Au-delà due souvenir personnel, cette évocation de Bob Brookmeyer me remet en mémoire sa longue silhouette, mais aussi son trombone pas tout à fait comme les autres : pas de coulisse mais des pistons, et une sonorité d’une profondeur feutrée qui sera sa marque de fabrique.

D’abord pianiste (il ne délaissa jamais vraiment l’instrument, comme en témoigne un disque en duo avec Bill Evans en 1959), sa carrière aura été marquée par de magnifiques rencontres, en particulier dans les années 50 : Mel Lewis, Coleman Hawkins, Ben Webster, Charles Mingus, Jimmy Giuffre, Chet Baker, Jim Hall, Bill Evans, Clark Terry, entre autres, croisent son chemin ; sans oublier quinze ans aux côtés de Stan Getz, avant de rejoindre Gerry Mulligan ! Par la suite, on le retrouve plutôt du côté des studios d’enregistrement et des plateaux de télévision new-yorkais ; il délaisse en efft le monde du jazz, vers lequel il ne reviendra qu’à la fin des années 70. Par ailleurs, depuis une trentaine d’années, Brookmeyer installait souvent ses quartiers en Europe, à Cologne ou Stockholm notamment, en tant que compositeur ou chef d’orchestre, avec le New Art Orchestra, tout en poursuivant une carrière d’enseignant aux Etats-Unis. Son travail de direction lui vaudra plusieurs récompenses, comme le prix de l’Album de l’année en Angleterre en 1997 pour New Works et un Grammy Awards en 2005 pour Get Well Soon.

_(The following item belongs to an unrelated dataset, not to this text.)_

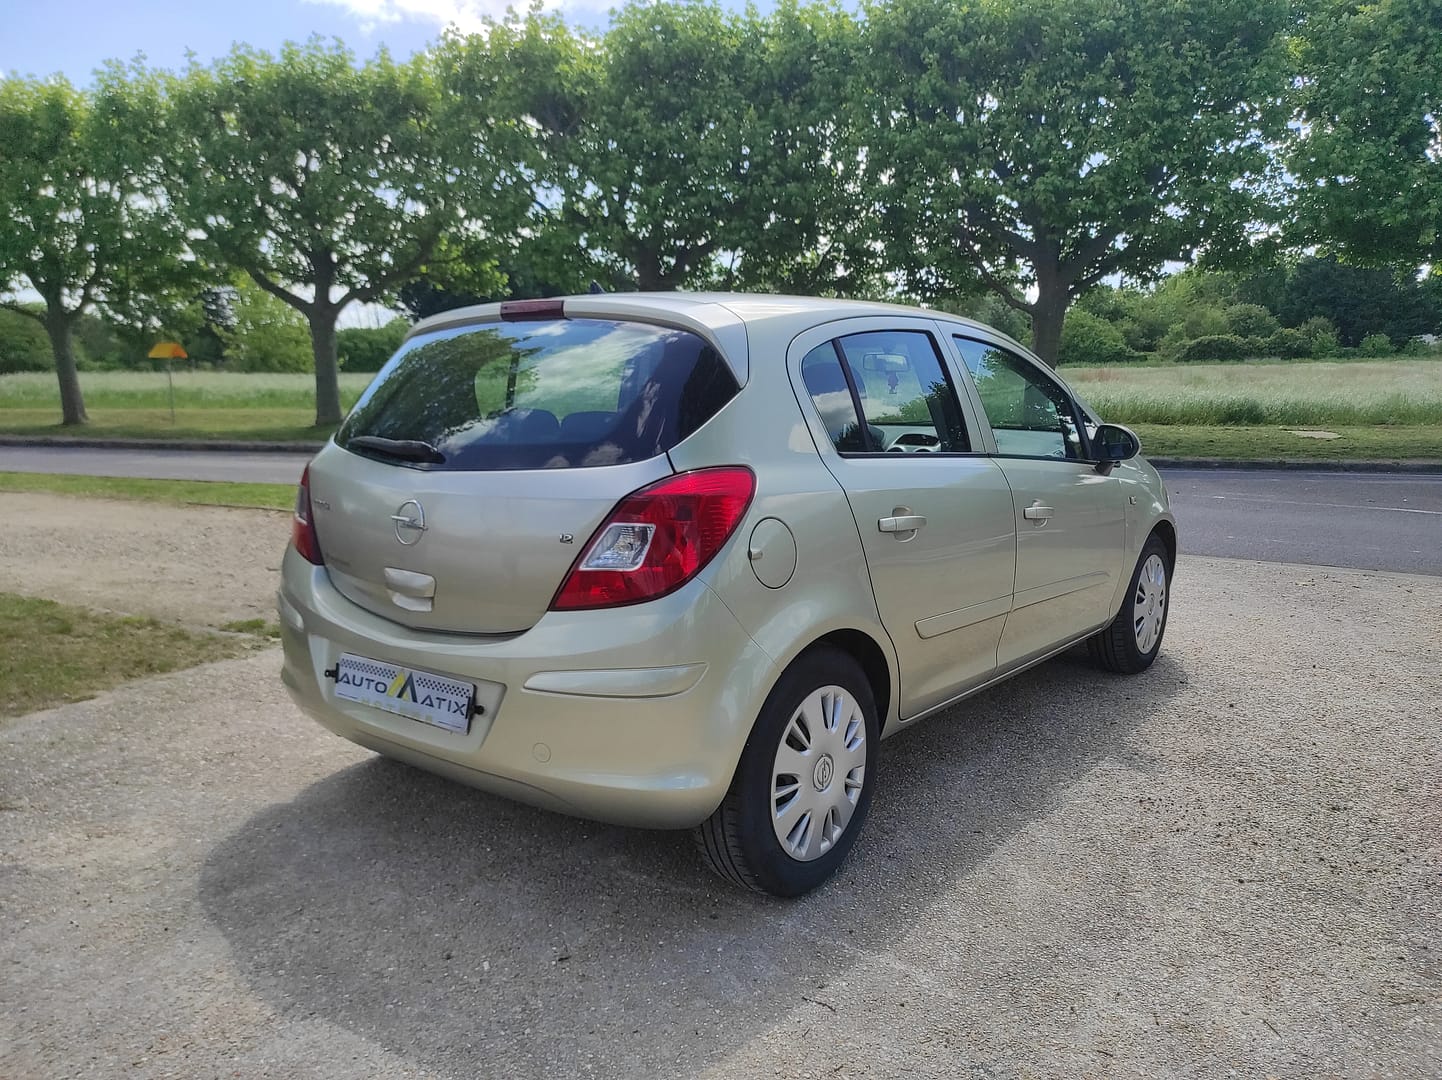 Opel Corsa 1.2 Twinport Enjoy 5P - Automatix Motors - Voiture Occasion - Achat Voiture - Vente Voiture - Reprise Voiture

Brookmeyer n’était donc pas un tromboniste parmi d’autres ; il était identifié en premier lieu par une sonorité et un phrasé assez uniques. Parmi les plus jeunes, le Suisse Samuel Blaser connaissait bien son talent, lui qui se réjouissait encore il y a peu de rencontrer son aîné. Tous deux devaient jouer ensemble fin novembre. Mais la maladie a mis fin à ce beau projet. Blaser, qui entendait Brookmeyer jouer sur les disques de Chet Baker, dont il était fan, qui souligne « sa manière de phraser unique, ce son qui coule, naturellement, ses phrases qui ne s’arrêtent pas où l’on croit qu’elles vont s’arrêter. Un jeu moderne, toujours mélodieux, jamais excentrique, comme du velours. On dirait qu’il parle quand il joue. Il faut écouter sa version d’« Anything Goes », sur l’album Together en duo avec le contrebassiste danois Mads Vinding, en 2000. C’est incroyable ! Je pense que son influence sera celle-là avant tout : celle de son phrasé et de son vocabulaire. Mais pour d’autres, ce sera aussi l’arrangement pour big band ».

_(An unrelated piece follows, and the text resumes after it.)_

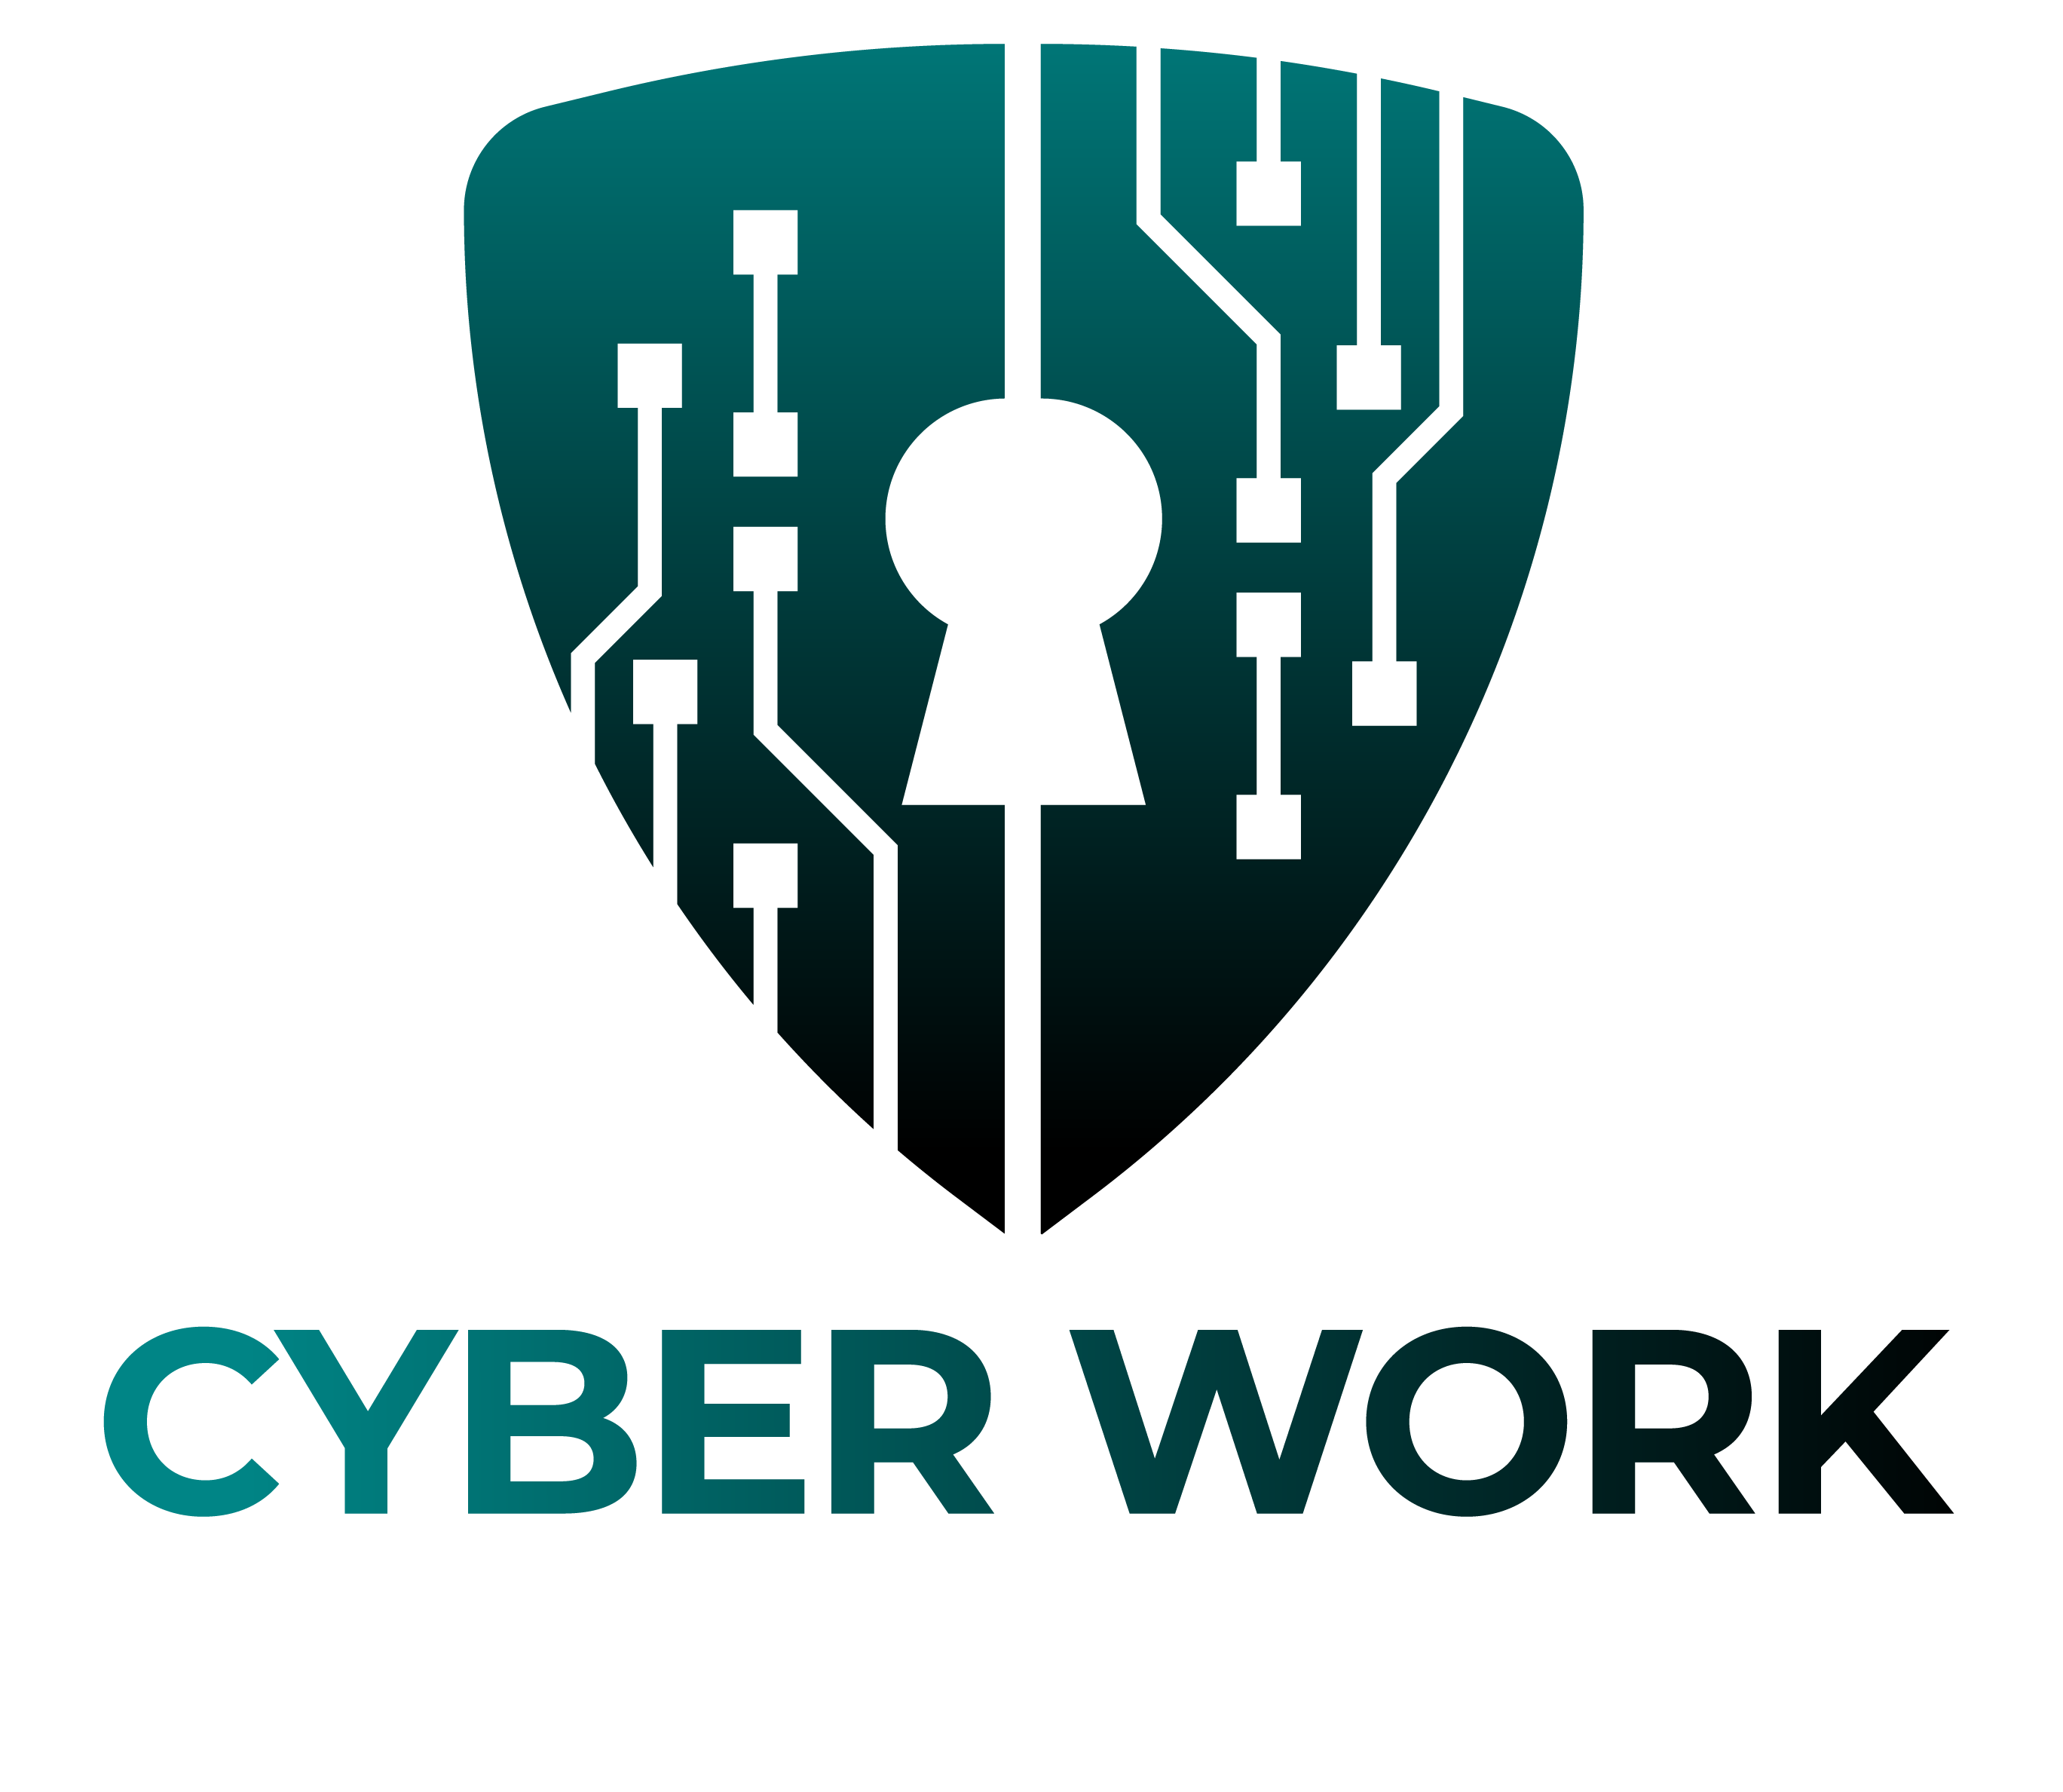 Cyberwork

Sentiment partagé par un autre tromboniste, hexagonal celui-ci, Sébastien Llado même s’il est plus réservé sur le trombone à pistons : « Je trouve que les notes roulent entre elles, les pistons fonctionnent mieux, à mon oreille, avec les instruments plus aigus » ; il souligne toutefois la singulière élégance du « son » Brookmeyer : « C’est le seul qui me rende le trombone à pistons agréable et beau ! En dehors de son talent d’arrangeur incontestable, de sa capacité à évoluer et faire évoluer le jazz, c’était un mélodiste hors pair ».

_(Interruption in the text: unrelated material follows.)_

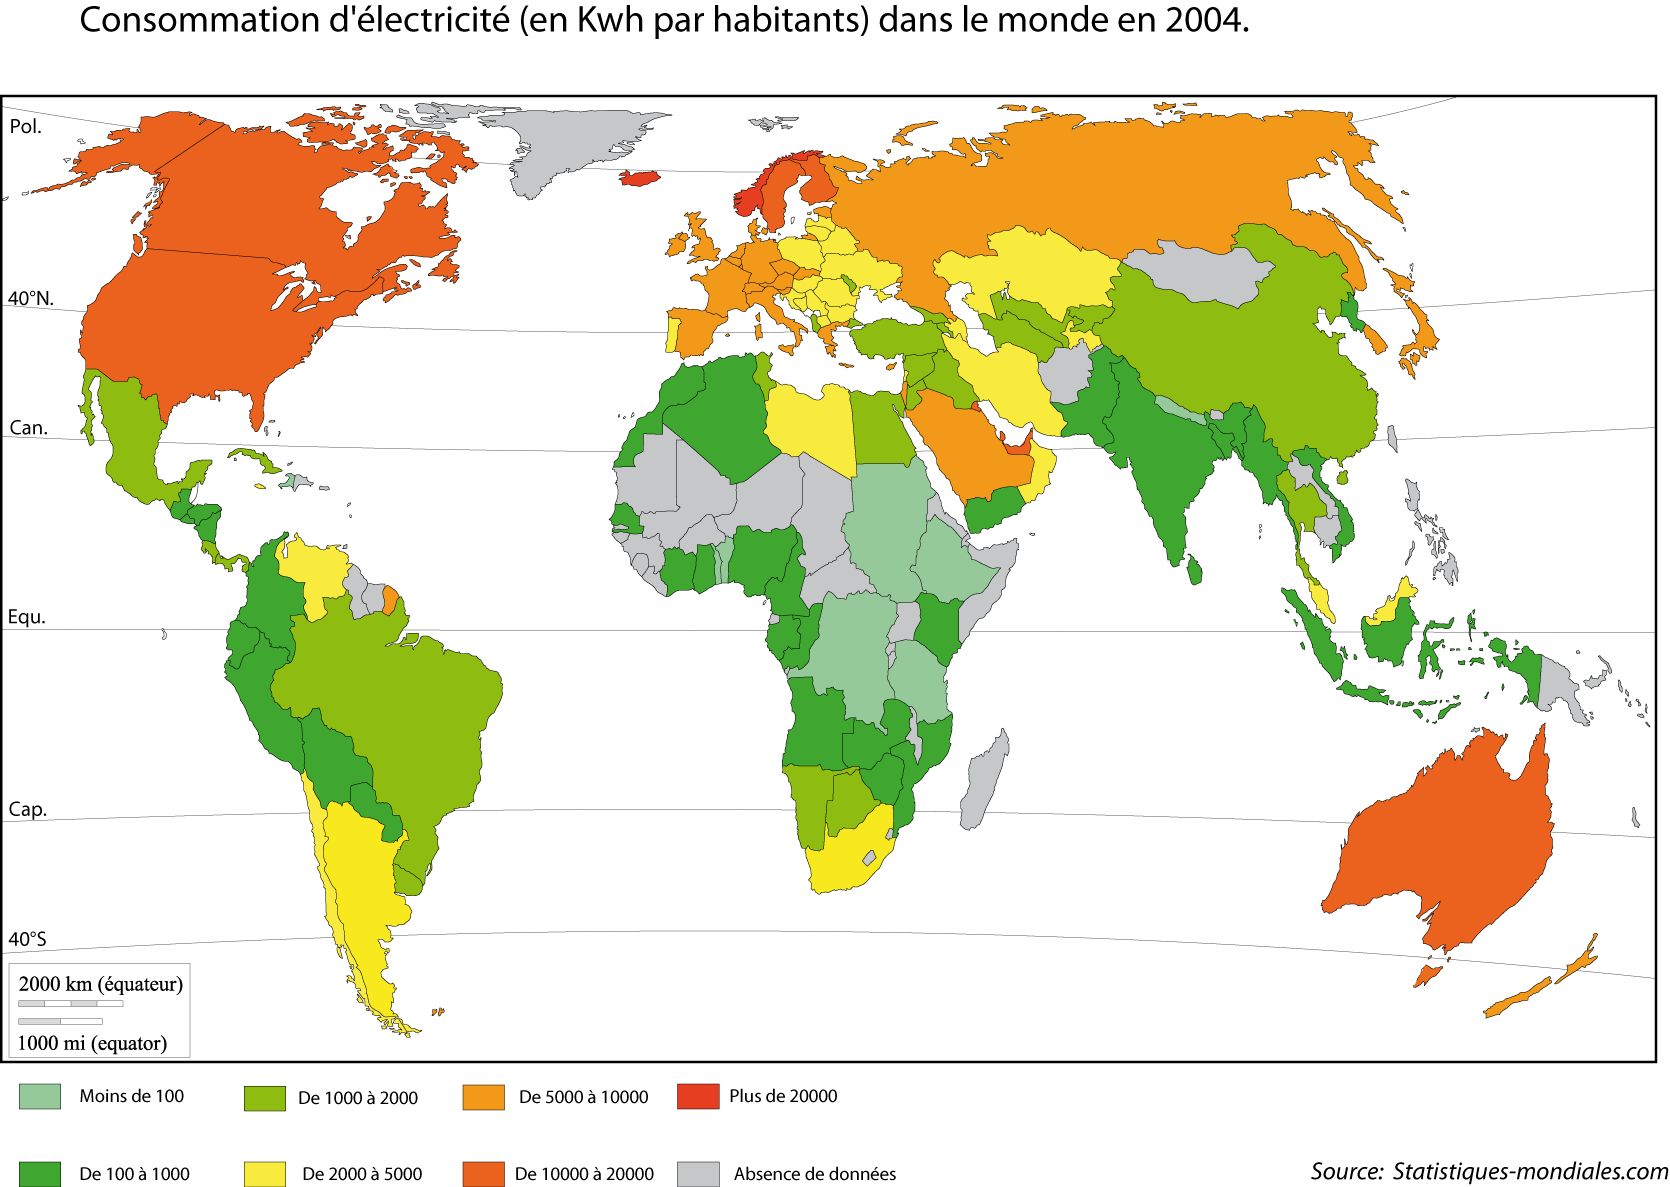 Consommation d'électricité dans le monde en kwh par habitant dans le monde en 2004

Ses qualités d’arrangeur ? On pourra s’en faire une idée très précise, ultime, avec les Standards qu’il nous aura laissés juste avant de partir, comme un ultime cadeau. Le disque, sorti sur le label ArtistShare avec lequel il avait signé en 2005, est une nouvelle exploration de ce Great American Songbook si souvent revisité par les musiciens du monde entier, et atteste s’il en était besoin de la vitalité d’un artiste parti trop vite. Forcément trop vite.